Enver knew a lot about CCTV systems and this one was simplicity itself. It was old-fashioned, it still had actual tape, and it took him only a couple of minutes to rewind and wipe it clean. There was now no visual record of whatever Hanlon had done upstairs, or the death of Conquest come to that. That’ll make the IPCC’s job a bit harder, he thought. They can rely on Hanlon’s version of events. He nodded in satisfaction and patted the dog on the head. He switched the system off and, accompanied by the spaniel, headed upstairs. Time to try and find the boy.

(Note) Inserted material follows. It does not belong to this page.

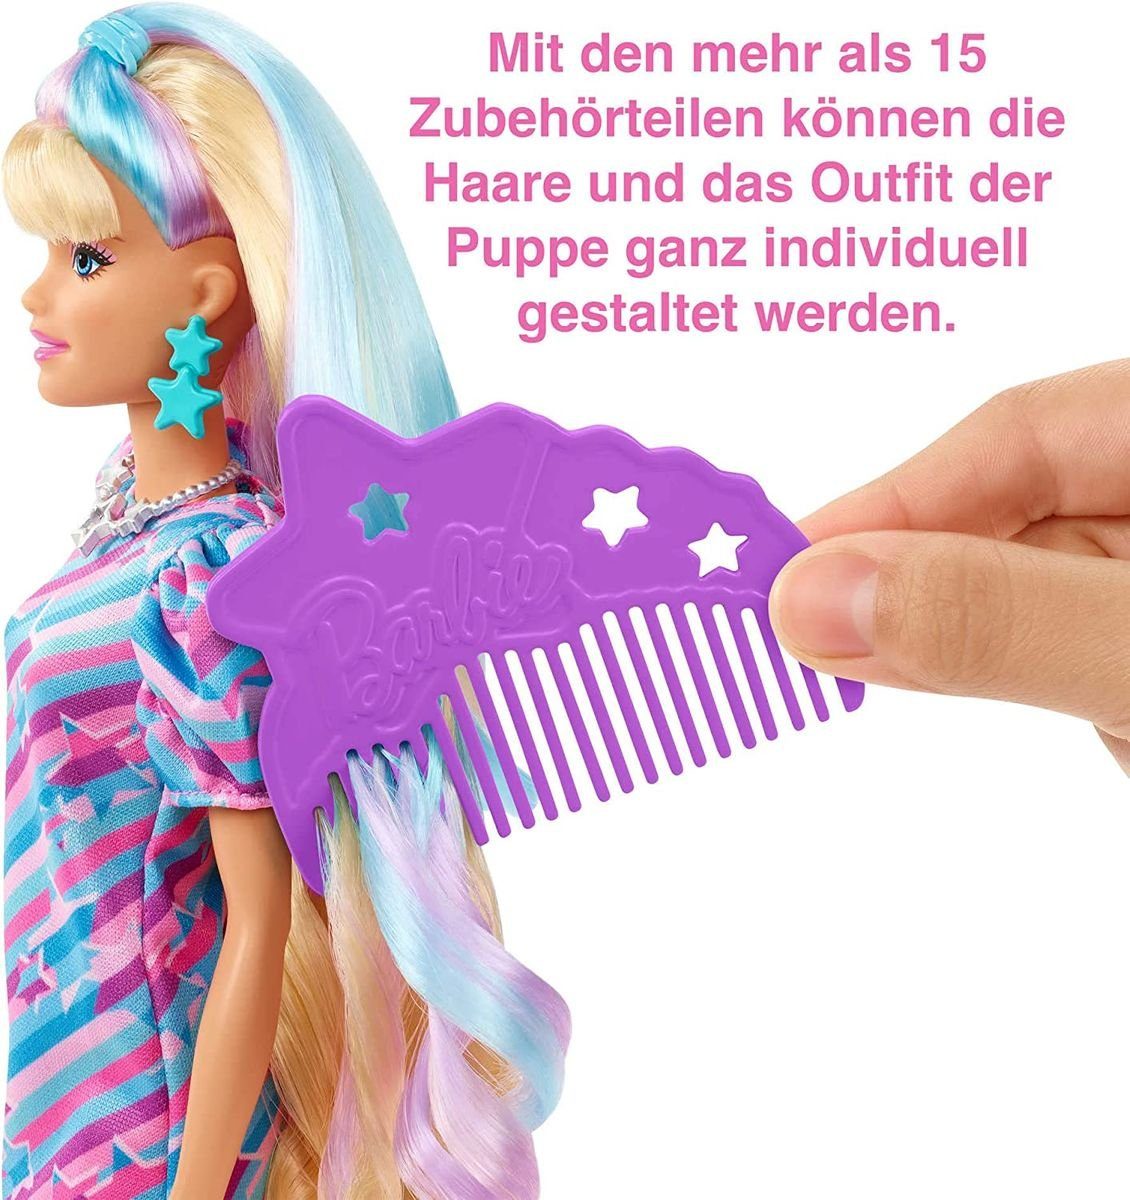 im Sternen-Print - - Zubehör Kleid Puppe Mattel - Stehpuppe Barbie Mattel® Totally mit HCM88 Hair

Hanlon followed the retreating figure of Clarissa at a brisk walk. Her arm was still agonizingly painful but the adrenaline coursing through her more than compensated. The relief at still being alive was incredible. She had never felt so euphoric. Even the shrill pain from the break in her arm reminded her she was still alive, the boy was still alive, Enver was still alive. And her enemies were dead. Conquest, dead. Robbo, dead. The judge, dying. The sight of the moon and the clouds in the night sky, the occasional glimpses of stars, the scent of the earth underfoot and the smell of the sea, the noise of it breaking on the shore in a series of whooshing audible dips and troughs was amazing. Everything was hallucinatory real. She put her head back and laughed with the pleasure of it all. Clarissa heard the laugh, carried by the wind. She was crying now and almost blinded by tears as she ran and ran, pursued by the grim figure behind her.
Hanlon saw Clarissa in the distance in front of her reach a barred fence and hesitate briefly, looking into the field and then back at Hanlon. Scylla and Charybdis, a rock and a hard place. The DI behind, the pigs in front. The moon was momentarily revealed from behind a cloud and light glinted off the rifle. Clarissa remembered the way Hanlon had looked at her. She thought of what Hanlon had done to Conquest. She saw again in her mind’s eye the body of Robbo on the floor, and the judge, dying, tied to the bed. She knew Hanlon would have no mercy. She looked over into the field at the pigs and climbed over the fence, into their field. She was more frightened of Hanlon than of the Large Whites.